Resolution is data; navigation is a side effect
The move that fixes all of these at once is to separate resolution from execution.
Turning an untrusted URL into a decision is resolution. Performing the navigation is execution. Keep them apart and the engine becomes a pure function over untrusted input — testable, validatable, and the single place policy lives.
The engine takes an untrusted URL and returns a RouteResolution — a typed decision as data. It does not navigate. It doesn't touch UIKit.
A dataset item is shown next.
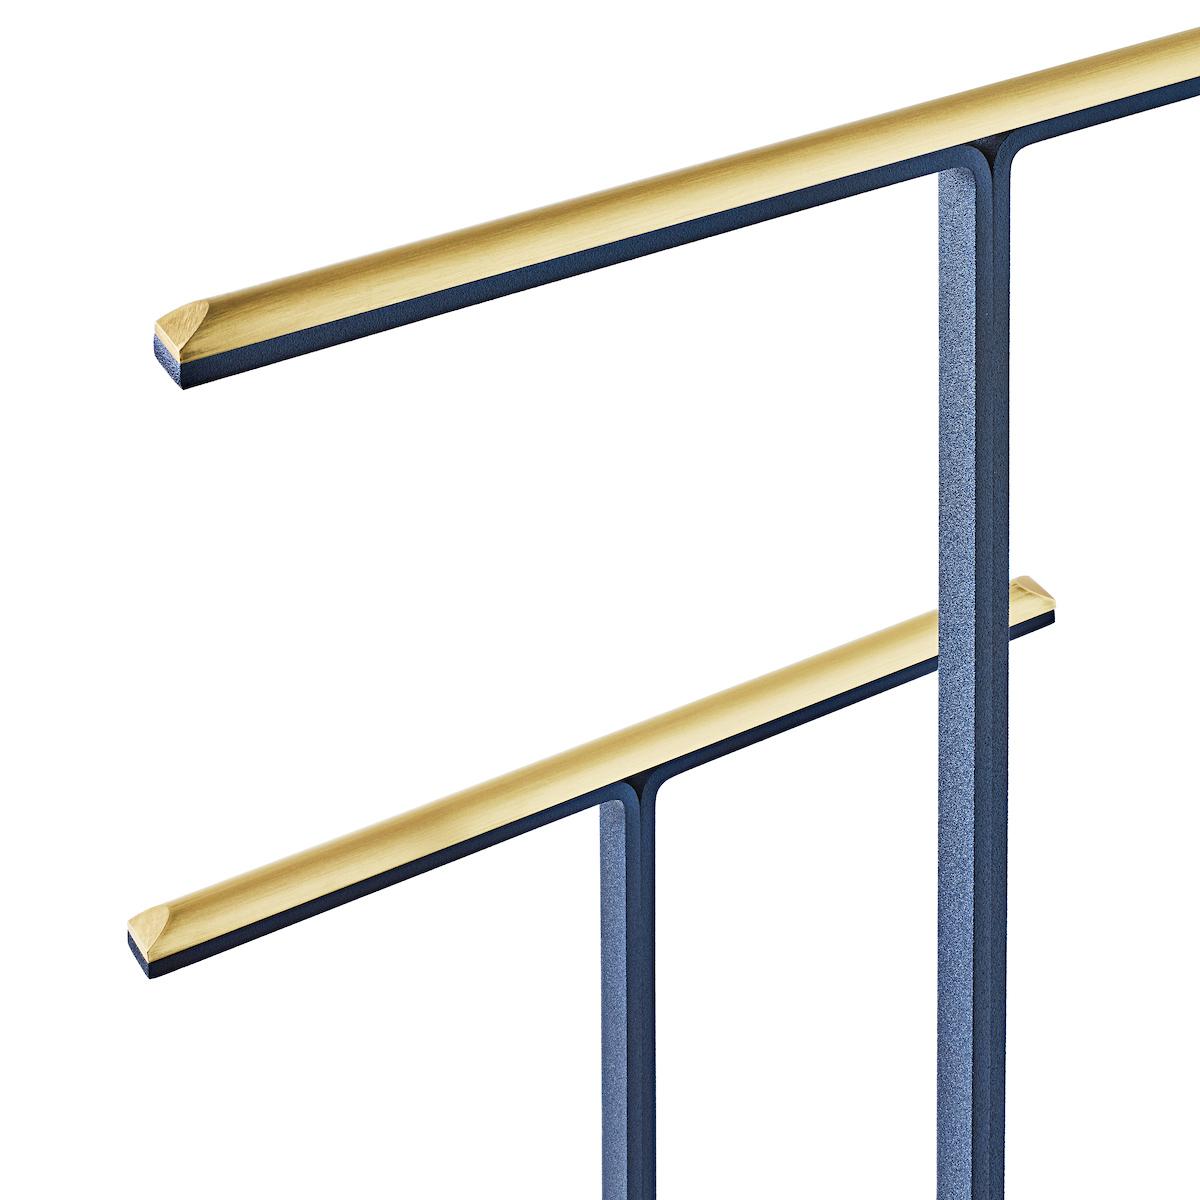 The Valet stand is made by bending and joining two steel profiles and fusing them to a 1/4

It answers one question: given this URL, what should happen, and is it allowed?
enum RouteResolution {
case proceed(Route) // resolved, allowed
case gated(Precondition, resume: Route) // stash this, satisfy the gate, resume
case notFound(RouteError) // typed error — never a crash
}
// One gate. Every entry point — scheme, Universal Link, push — calls this.
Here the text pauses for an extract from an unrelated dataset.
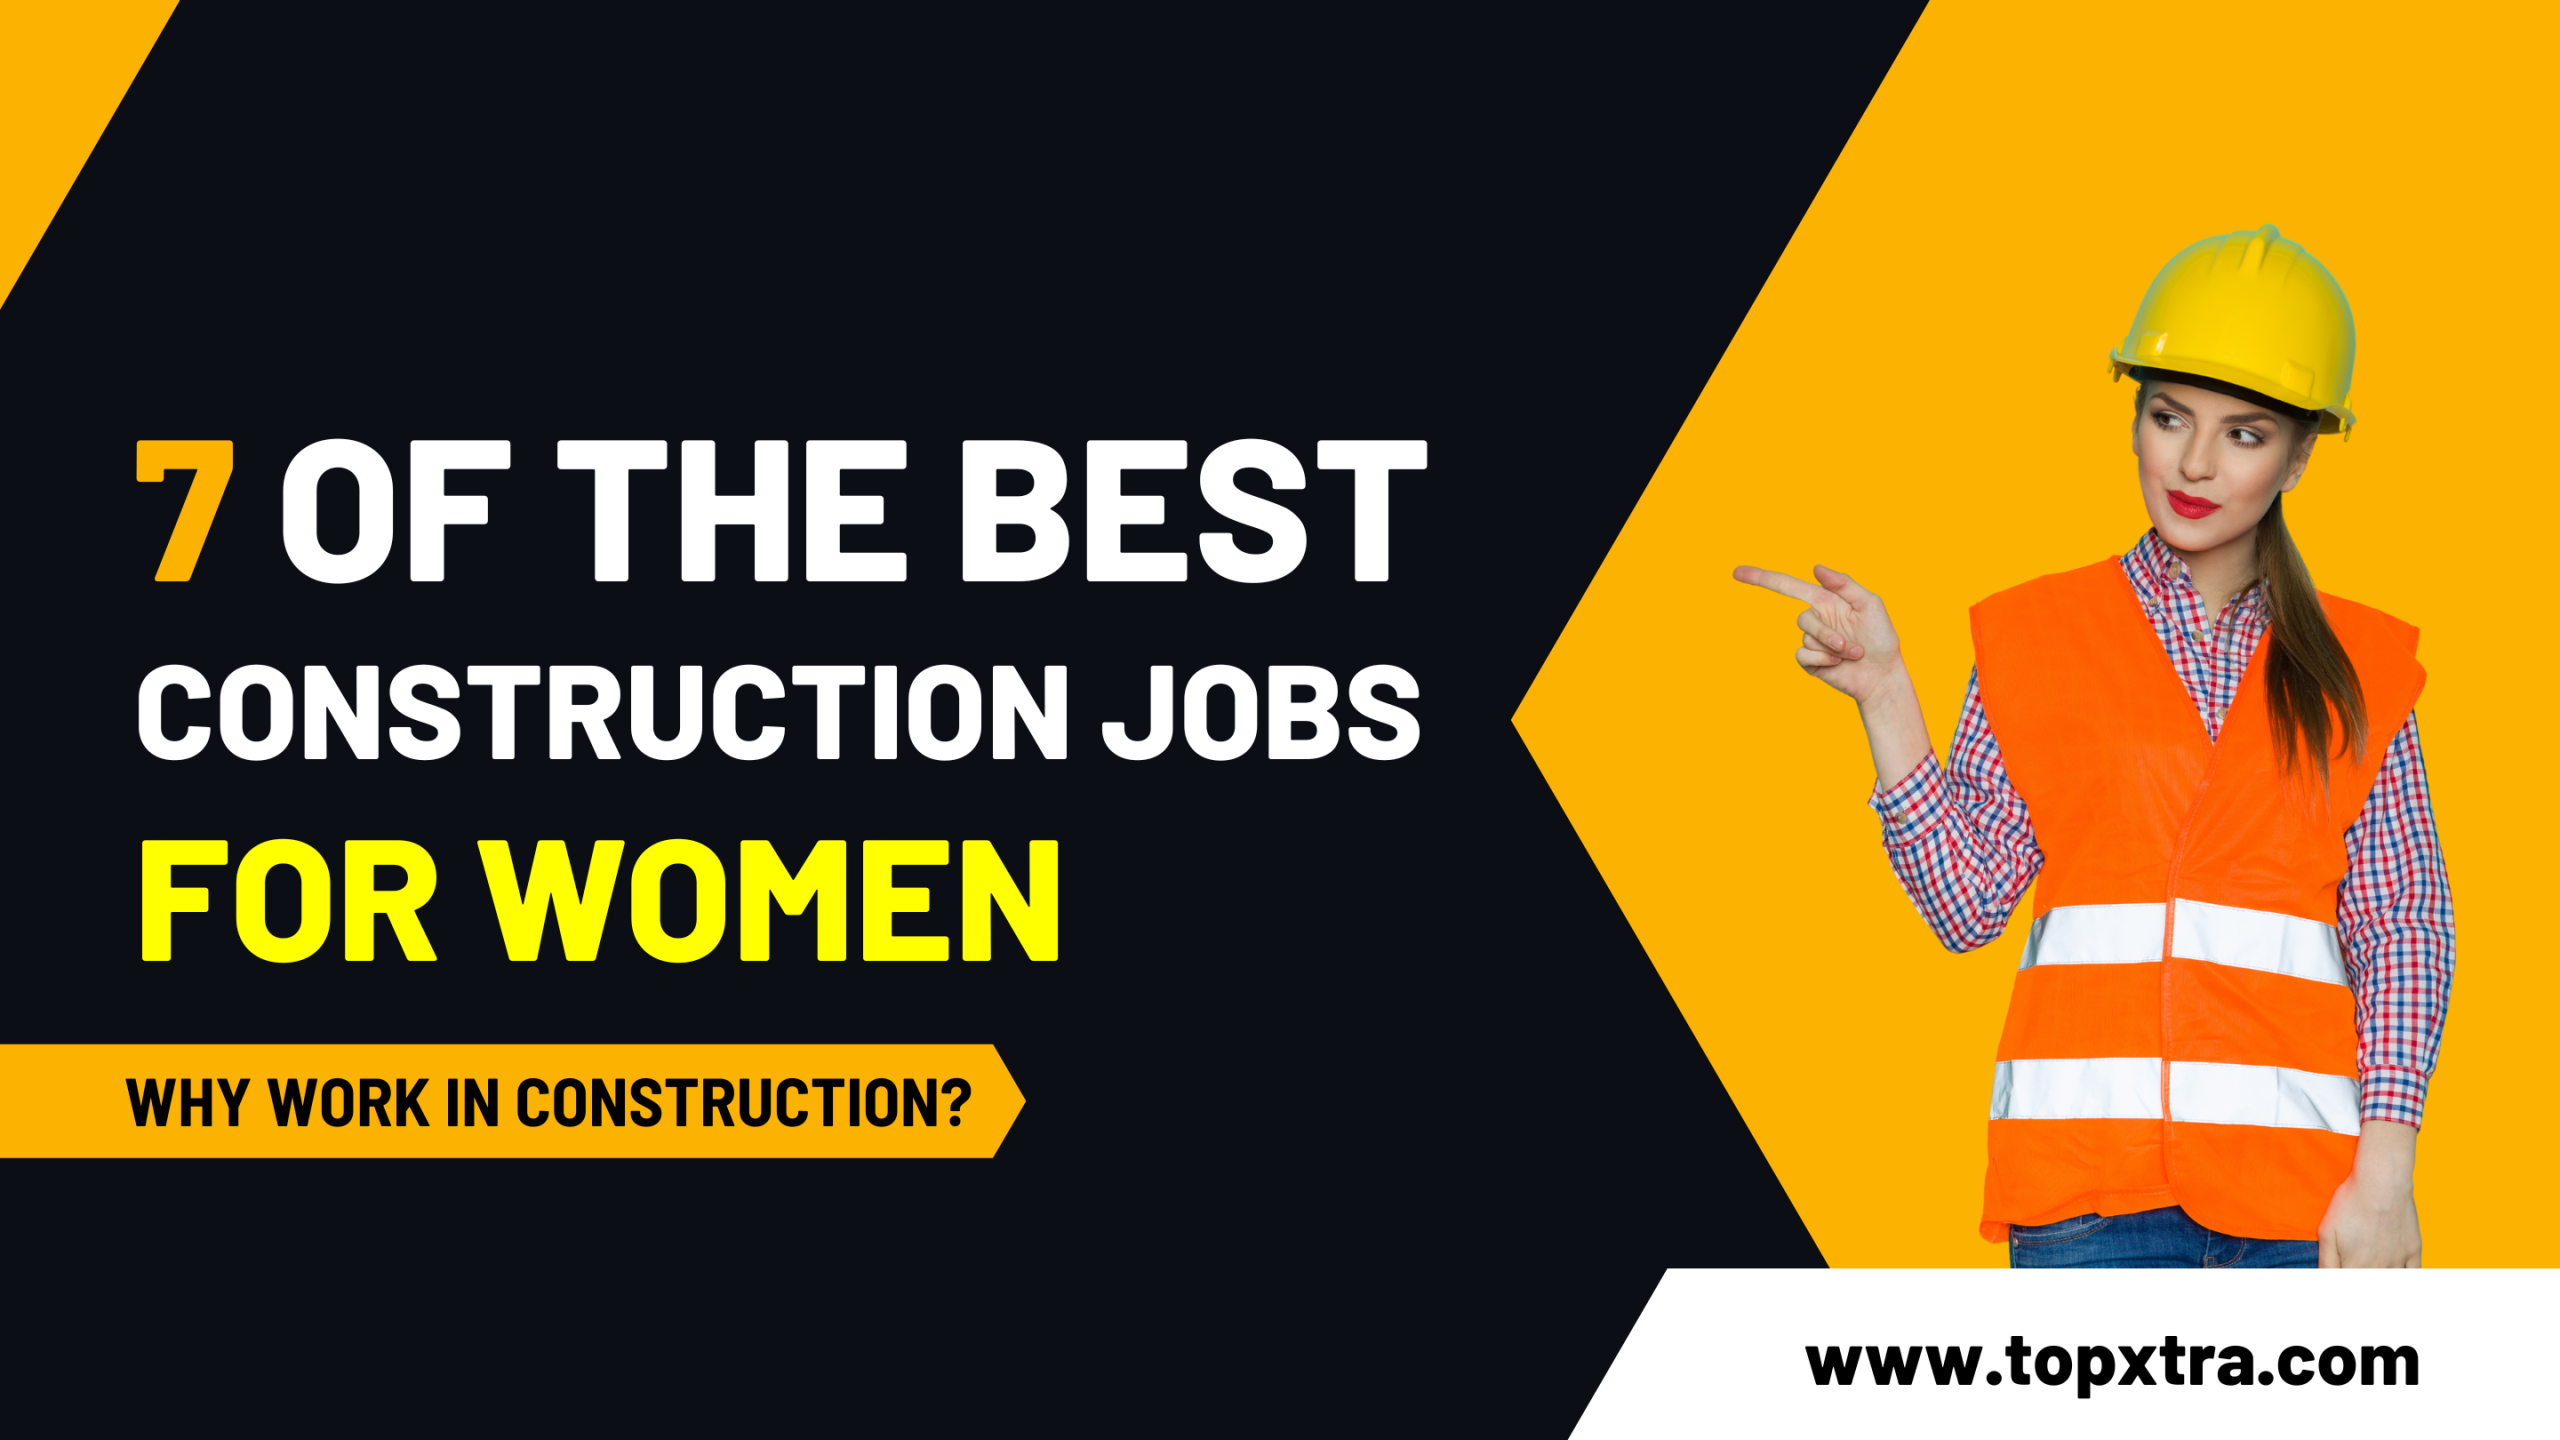 7 of the Best Construction Jobs for Women

let resolution = engine.resolve(url, context: context)
Inside resolve the steps are: match against a declared manifest → extract parameters → validate → evaluate precondition policy from injected context. Every one of those steps returns a value rather than performing an effect. So the malformed-input crash class disappears — a URL the engine can't parse returns .notFound(RouteError) instead of trapping. Auth stops being a per-branch accident, because the precondition policy lives in the engine and every entry point inherits the same rules. And because resolution is a pure function over its inputs, it's trivially unit-testable: feed it URLs and a context, assert on the decision, no navigation stack and no simulator required.
Execution lives downstream. A coordinator takes the decision and performs it — pushes, presents, selects a tab. It imports no UIKit directly; it depends on protocols a factory builds, so the whole flow is testable with a mock factory and a spy navigator that records navigation operations as data.
The tempting mistake is to build the coordinator first and let it parse the URL on the way to navigating — which is exactly the fused arrangement we started with, just relocated. Build the pure resolver first. The executor is the dumb part.
Three bugs, one missing idea: the gate
Auth, unsaved work, and cold start looked like three unrelated problems. They are the same thing. A precondition is a gate, and gates are symmetric:
- Auth gates entering a destination.
- Unsaved work gates leaving the current screen.
- Readiness gates launching — dispatch waits until the app exists.
All three are one stash-and-resume loop, not three special cases. The engine emits .gated(precondition, resume:); something stashes the original intent, satisfies the precondition, then re-dispatches the same intent against fresh context. On the re-run the gate is now satisfied and resolution proceeds.
Here are the three bugs, mapped onto the loop.
Auth bypass (a mistake I made and caught). I first enforced preconditions at execution, inside the coordinator. The in-app navigation path didn't go through that check, so it bypassed the gate and users reached gated screens. I moved policy into the engine — which fixed the bypass and turned auth-gating into a pure, headless unit test. Owning that publicly is what made the rest of the design credible. This is the enter-gate.
A deep link destroying unsaved work. A push deep link tore down a screen behind an open form. The engine can't know a screen is dirty — that's view-model state — so the screen declares it, and the dispatcher inspects the plan-as-data before applying it: if the plan would tear down a dirty screen, it stashes the target and prompts Discard / Cancel / Save. This is the leave-gate — unsaved work as a precondition on leaving.
Cold-start links vanishing. On a cold launch the link is delivered before the root flow exists; immediate dispatch pushes onto nothing. A ready-gate in the dispatcher stashes the link, lets start() stand up the root, then drains the stash. This is the launch-gate.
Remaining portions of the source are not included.